In this section, we will solve the standard linear programming minimization problems using the simplex method. Once again, we remind the reader that in the standard minimization problems all constraints are of the form \(ax + by ≥ c\).
The procedure to solve these problems was developed by Dr. John Von Neuman. It involves solving an associated problem called the dual problem . To every minimization problem there corresponds a dual problem. The solution of the dual problem is used to find the solution of the original problem. The dual problem is a maximization problem, which we learned to solve in the last section. We first solve the dual problem by the simplex method.
From the final simplex tableau, we then extract the solution to the original minimization problem.
Before we go any further, however, we first learn to convert a minimization problem into its corresponding maximization problem called its dual .
Example \(\PageIndex{1}\)
Convert the following minimization problem into its dual.
\[\begin{array}{ll} \textbf { Minimize } & \mathrm{Z}=12 \mathrm{x}_{1}+16 \mathrm{x}_{2} \\ \textbf { Subject to: } & \mathrm{x}_{1}+2 \mathrm{x}_{2} \geq 40 \\ & \mathrm{x}_{1}+\mathrm{x}_2 \geq 30 \\ & \mathrm{x}_{1} \geq 0 ; \mathrm{x}_{2} \geq 0 \end{array} \nonumber \]
To achieve our goal, we first express our problem as the following matrix.
\[\begin{array}{cc|c} 1 & 2 & 40 \\ 1 & 1 & 30 \\ \hline 12 & 16 & 0 \end{array} \nonumber \]
Observe that this table looks like an initial simplex tableau without the slack variables.
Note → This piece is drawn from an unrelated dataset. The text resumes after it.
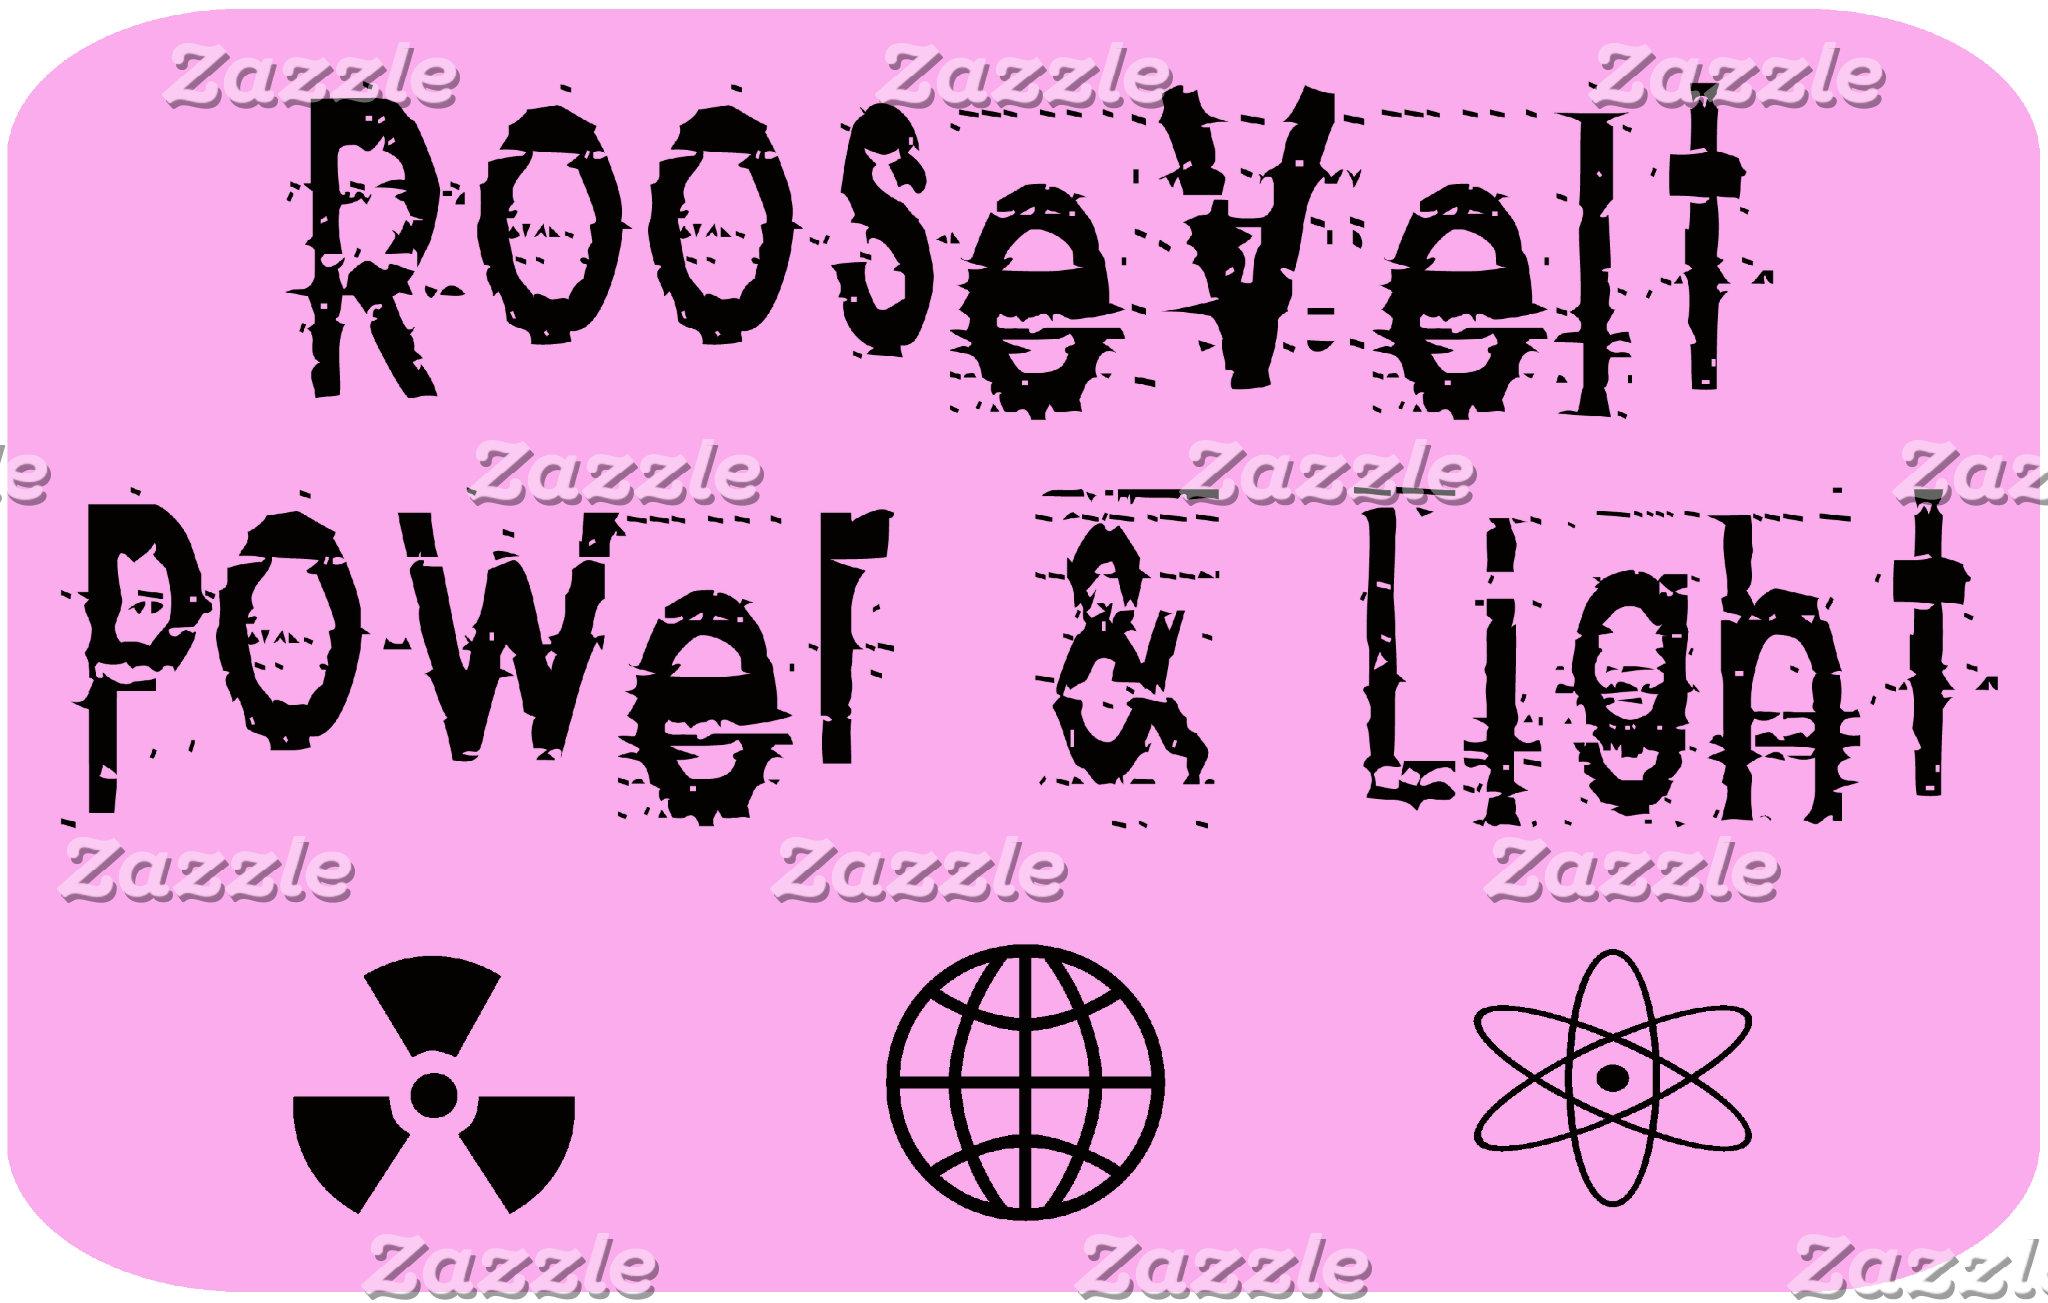 Roosevelt Power and Light

Next, we write a matrix whose columns are the rows of this matrix, and the rows are the columns. Such a matrix is called a transpose of the original matrix. We get:
\[\begin{array}{cc|c} 1 & 1 & 12 \\ 2 & 1 & 16 \\ \hline 40 & 30 & 0 \end{array} \nonumber \]
The following maximization problem associated with the above matrix is called its dual.
\[\begin{array}{ll} \textbf { Maximize } & \mathrm{Z}=40 \mathrm{y}_{1}+30 \mathrm{y}_{2} \\ \textbf { Subject to: } & \mathrm{y}_{1}+\mathrm{y}_{2} \leq 12 \\ & 2 \mathrm{y}_1+\mathrm{y}_2 \leq 16 \\ & \mathrm{y}_{1} \geq 0 ; \mathrm{y}_{2} \geq 0 \end{array} \nonumber \]
Note that we have chosen the variables as y's, instead of x's, to distinguish the two problems.
Example \(\PageIndex{2}\)
Solve graphically both the minimization problem and its dual maximization problem.
Our minimization problem is as follows.
\[\begin{array}{ll} \textbf { Minimize } & \mathrm{Z}=12 \mathrm{x}_1+16 \mathrm{x}_2 \\ \textbf { Subject to: } & \mathrm{x}_{1}+2 \mathrm{x}_{2} \geq 40 \\ & \mathrm{x}_{1}+\mathrm{x}_{2} \geq 30 \\ & \mathrm{x}_{1} \geq 0 ; \mathrm{x}_{2} \geq 0 \end{array} \nonumber \]
We now graph the inequalities:
We have plotted the graph, shaded the feasibility region, and labeled the corner points. The corner point (20, 10) gives the lowest value for the objective function and that value is 400.
Now its dual is:
\[\begin{array}{ll} \textbf { Maximize } & \mathrm{Z}=40 \mathrm{y}_1+30 \mathrm{y}_{2} \\ \textbf { Subject to: } & \mathrm{y}_{1}+\mathrm{y}_{2} \leq 12 \\ & 2 \mathrm{y}_1+\mathrm{y} 2 \leq 16 \\ & \mathrm{y}_{1} \geq 0 ; \mathrm{y}_{2} \geq 0 \end{array}\nonumber \]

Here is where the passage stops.